Kasten then paused. His demeanour changed. He choked up, and was visibly emotional.

“And we got it,” he finally finished, the final word shortened by him yet again holding back tears.

“It chokes me up when I talk about it,” Kasten started again. “Because these players have waited so long for this. But we have the best players in the world and we gave them the best possible conditions, and so we got the hockey right.”

Without taking anything away from the leagues and teams that came before the PWHL, there is no question that the environments these players are working in are night and day from what came before. It was always about much more than just salaries, it was about infrastructure and investment.

“Every time I see another player, I ask them ‘are you being treated like a professional?’ and they tell me ‘yes,'” Kasten said. “That’s the best thing. That was always the goal. That was always the thing players were asking about the most. They had their own vision of how things should work, our vision aligned with theirs by and large and we’re seeing it all coming true.”

“It’s unbelievable the support of the vision, the support to do something like this,” said Jayna Hefford, the PWHL’s senior vice president of hockey operations. “All of the past experiences and leagues were not failures, they were part of the journey to get here. I played in three of them, I am proud of that, I am proud of the journey I had and I wouldn’t change any of it.”

Hefford was the commissioner of the Canadian Women’s Hockey League (CWHL) when it folded in 2019. She was then named as an advisor to the PWHPA when that group formed.

“I’ve been fortunate enough to be in this journey with these players for almost five years and I can say they are some of the best people, the best ambassadors. They are great humans and they are incredibly appreciative,” Hefford said. “I wish some of my teammates and those who came before me had a chance to interact with them as much as I do because that gratitude is real.”

“I have a front-row seat to it, how lucky am I?” said Ottawa head coach Carla MacLeod, who represented Canada at two Olympic Games and four World Championships. “To stand on the bench and watch these players get this opportunity, it’s a dream come true for me too.”

The mainstream media is finally buying in as well, not only by broadcasting games, but by normalizing women’s hockey discussion. It’s a major difference-maker in terms of raising the general awareness. I have been in the women’s hockey bubble for a long time and I didn’t realize how relatively small that bubble was until I saw what happens when the awareness grows outside of it like it has over the last week.

Some may see the lacklustre launch of merchandise and team branding to be a missed opportunity, and maybe it is. But it’s telling that the league isn’t rushing things to make a few extra dollars.
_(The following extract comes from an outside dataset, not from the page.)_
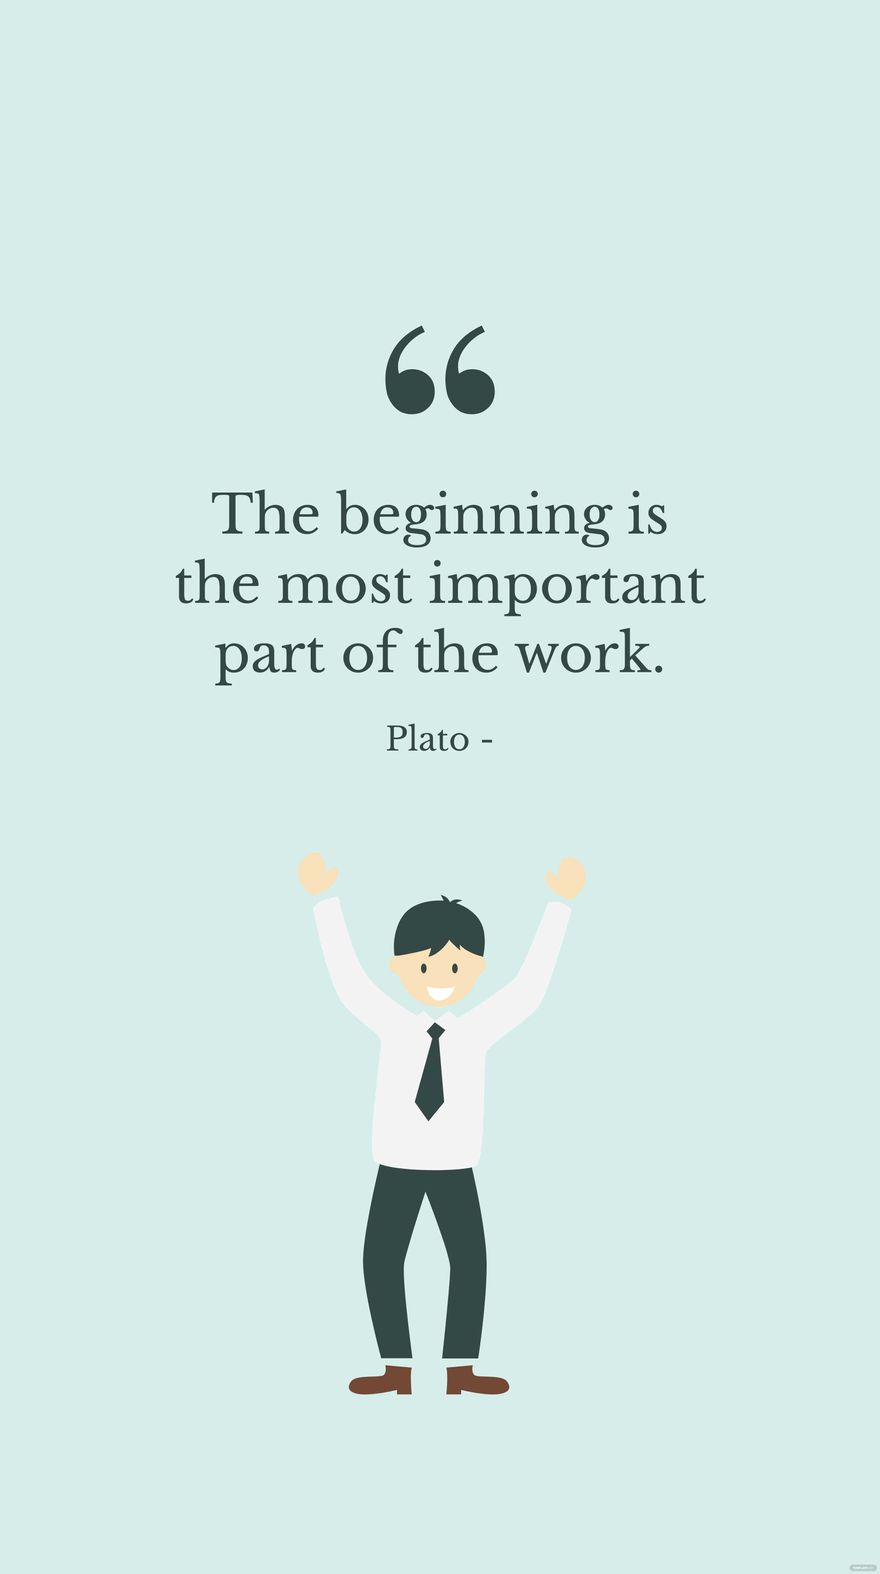 Plato - The beginning is the most important part of the work. in JPG

Previous women’s hockey leagues moved heaven and earth to make themselves look better on the outside than they were on the inside. That’s not an insult, it’s just a fact of the financial reality they were in. The PWHL, funded by billionaire Mark Walter and his wife Kimbra, doesn’t need to raise funds and is not in a hurry to turn a profit. It’s the definition of investment that was lacking so much in the past.

The league could have tried to sell exclusive broadcast rights, or put their professional broadcast behind a paywall, but as Kasten said, their focus is getting the hockey right. What use is that if people can’t see it?

It’s a short-term sacrifice for long-term gain. That’s the focus of this league and it shows. It’s why this time it’s different. It turns out women’s hockey wasn’t always bound to fail, it just wasn’t given the right circumstances to succeed.